What You Will Be Doing:
- Collaborate with product owners and technical leads to identify and collect requirements for next-generation AI Factories.
- Build, supervise, and complete long-term programs including schedules, resourcing, and checkpoints.
- Work with data center and hardware teams to find creative solutions to hard problems, and co-develop solutions and mitigation strategies.
- Lead planning with key internal partners on capacity demands with engineering roadmaps and data center expansions.
- Own end-to-end delivery of 100MW+ AI factory data center deployments, from construction readiness through commissioning, turn-up, and handoff to operations.
- Coordinate general contractors, colocation providers, utilities, and OEMs to align electrical/mechanical scope, long-lead equipment, and site logistics for large-scale AI cluster deployments.
- Drive integrated readiness reviews and acceptance criteria across power, liquid cooling, networking, and platform/hardware teams to ensure performance and reliability targets are met for AI factory applications.
- Develop program plans for government grants and initiatives.

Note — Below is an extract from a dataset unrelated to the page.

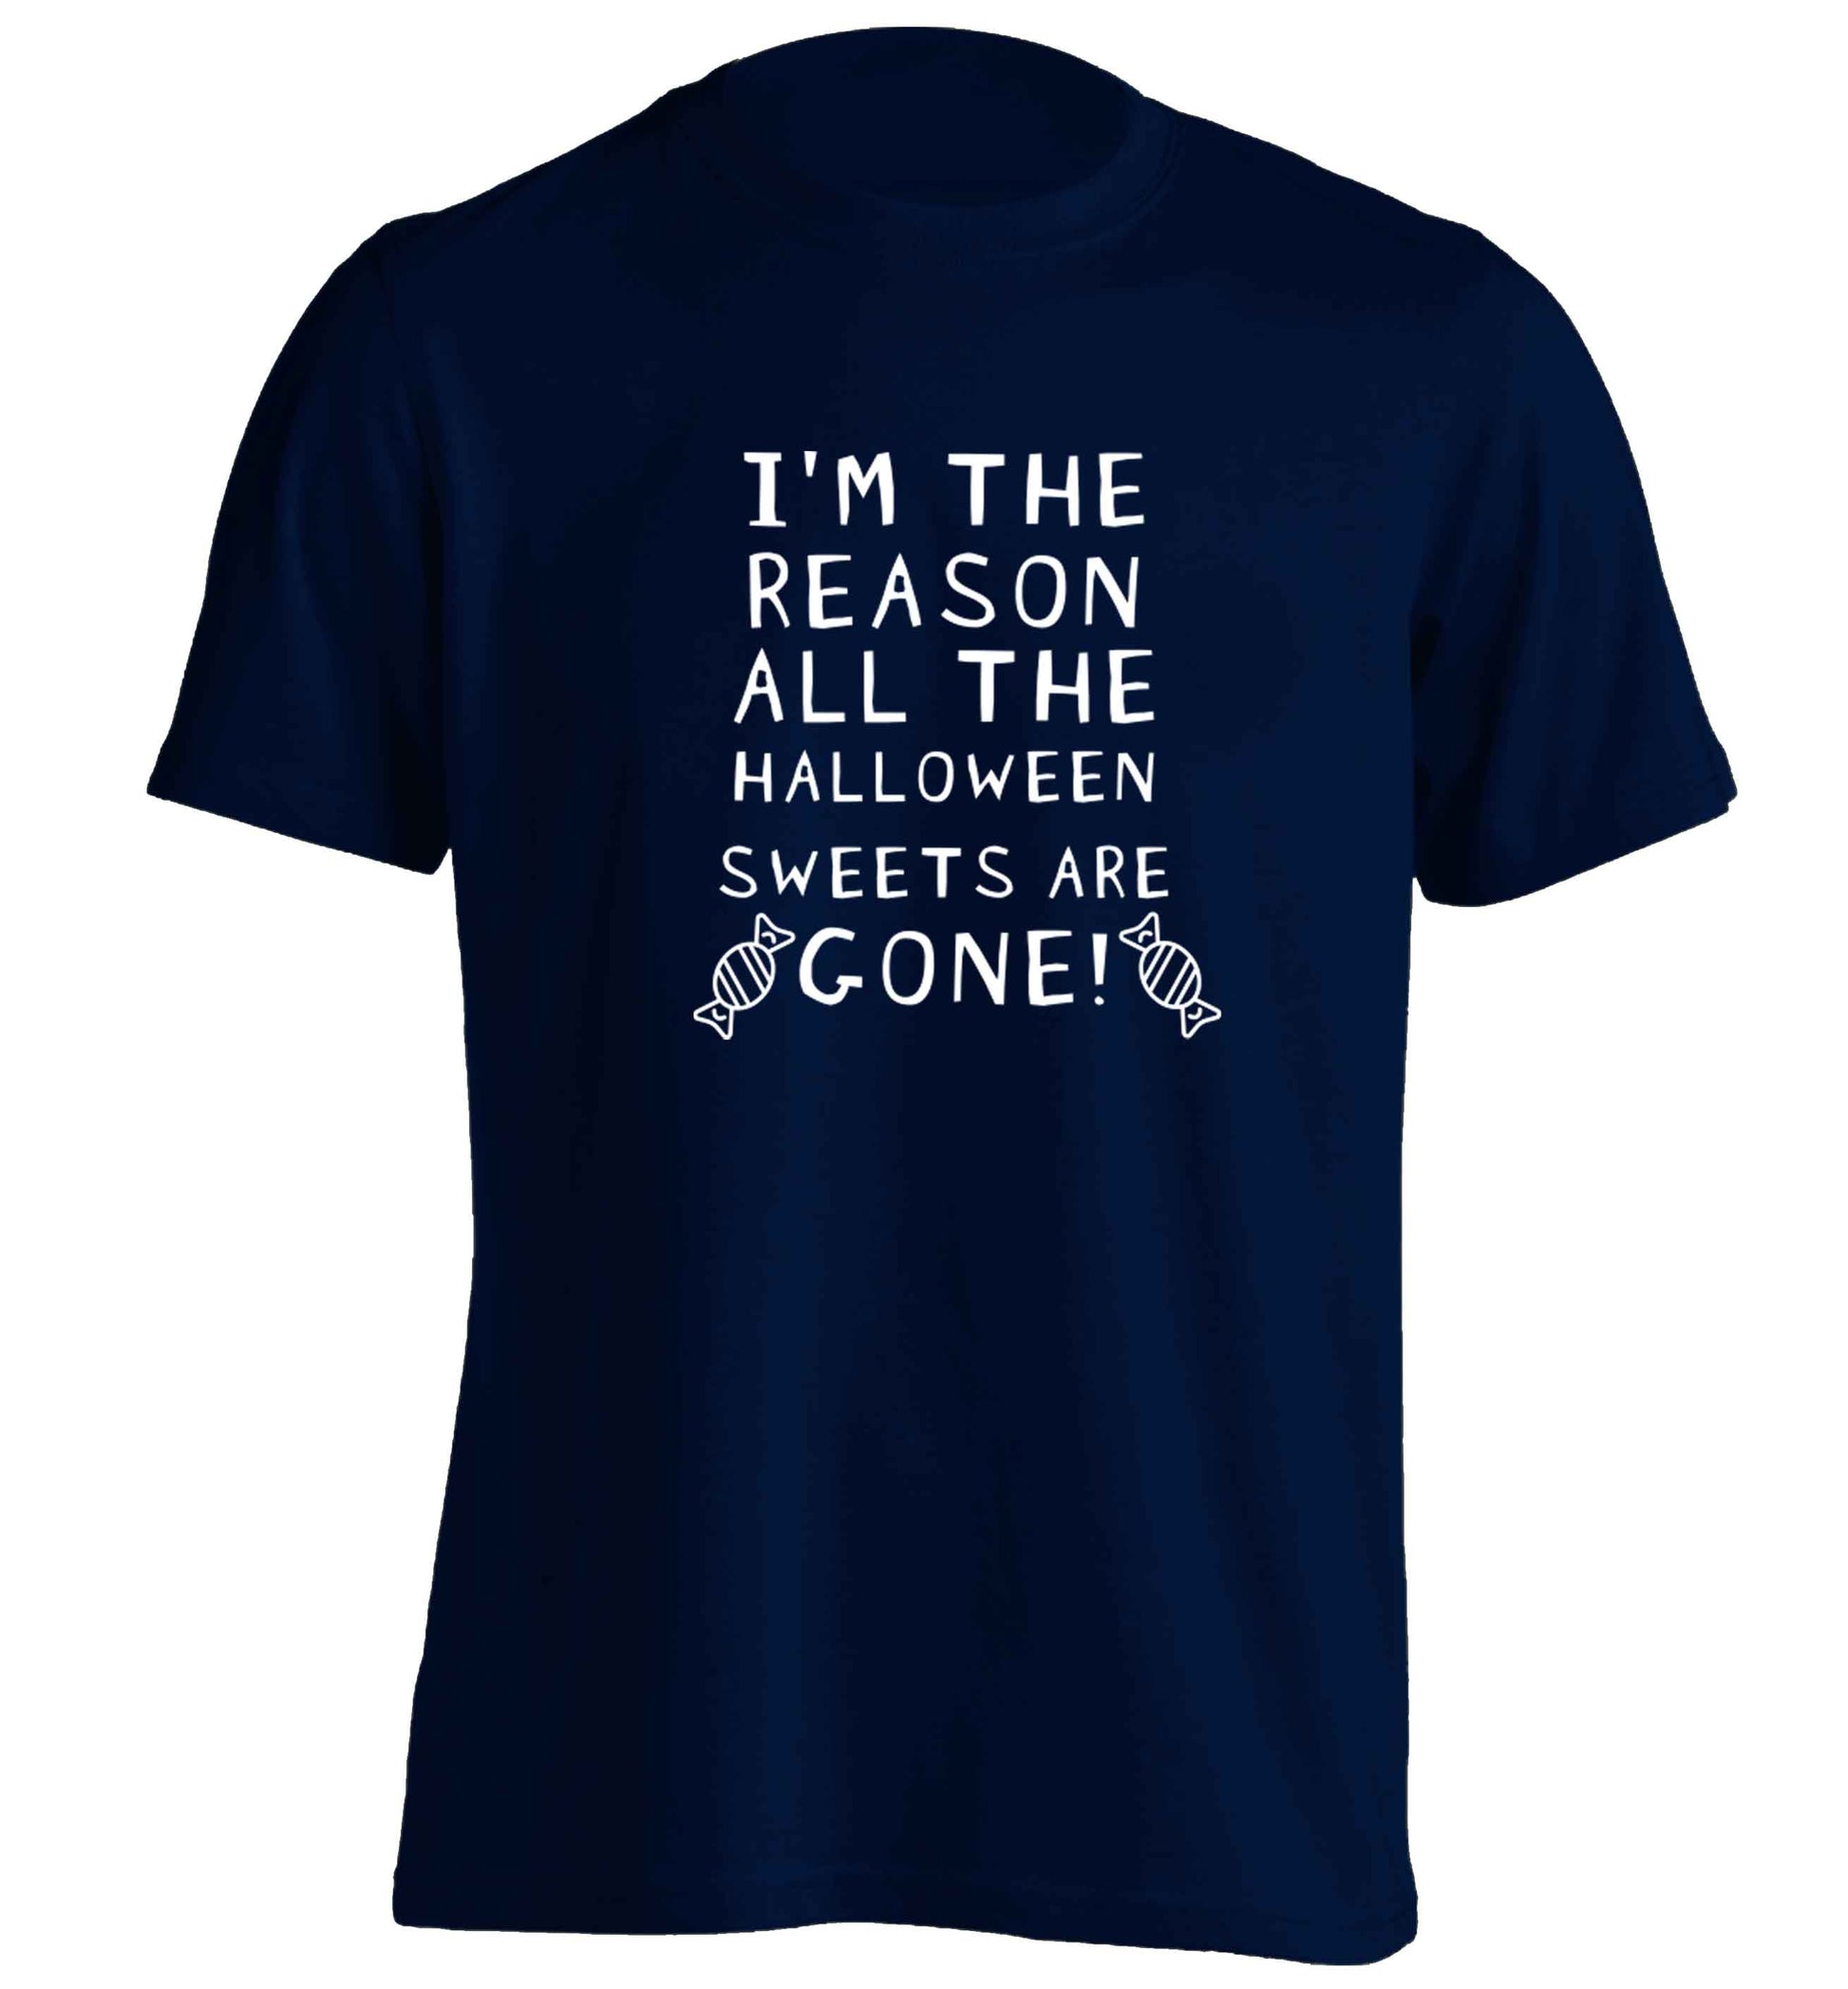 I'm the reason all of the halloween sweets are gone adults unisex navy Tshirt 2XL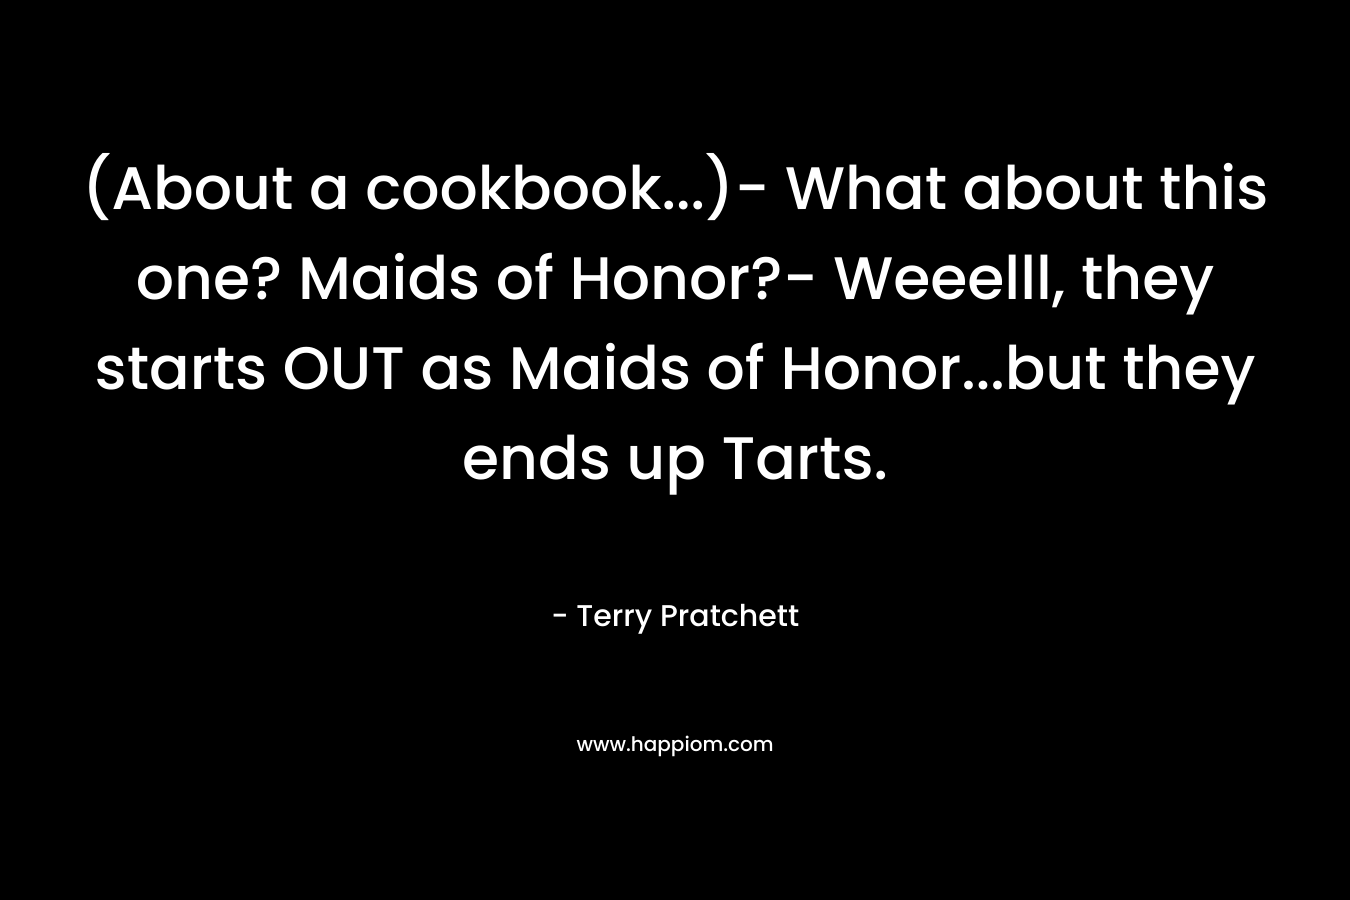 (About a cookbook…)- What about this one? Maids of Honor?- Weeelll, they starts OUT as Maids of Honor…but they ends up Tarts. – Terry Pratchett

- Translate program requirements into Basis Of Design documents
- Bring together team members and foster a collaborative approach to delivery while holding team members accountable to action items and timelines.
Requirements
- Outstanding long-term planning and execution skills to carry our data center lifecycle planning, including large-scale AI factory buildouts and expansions.
- Experience managing end-to-end data center deployments for high-density AI infrastructure, including commissioning, readiness reviews, turn-up, and operational handoff.
- Demonstrated ability to coordinate across colocation providers, general contractors, utilities, and OEMs to deliver complex electrical and mechanical scope (e.g., at 100MW+ campus scale).
- Strong technical and program leadership across power delivery, liquid cooling, networking, and compute/platform teams to define acceptance criteria and ensure performance and reliability targets are met.
- 12+ years of experience providing program and project management leadership for data center projects covering construction of mechanical, electrical, and plumbing with large-scale server, storage, and network deployments.
- BS or MS degree in Engineering (or equivalent experience)., * In-depth knowledge of infrastructure (hardware and software) data center facilities infrastructure (electrical and mechanical) technologies.
- Familiarity with NVIDIA's AI compute technology stack and ability to translate platform requirements into data center infrastructure designs (power delivery, liquid cooling, space, and network topology) at scale.
- Experience with colocation data center environments
Benefits & conditions
Your base salary will be determined based on your location, experience, and the pay of employees in similar positions. The base salary range is 200,000 USD - 322,000 USD.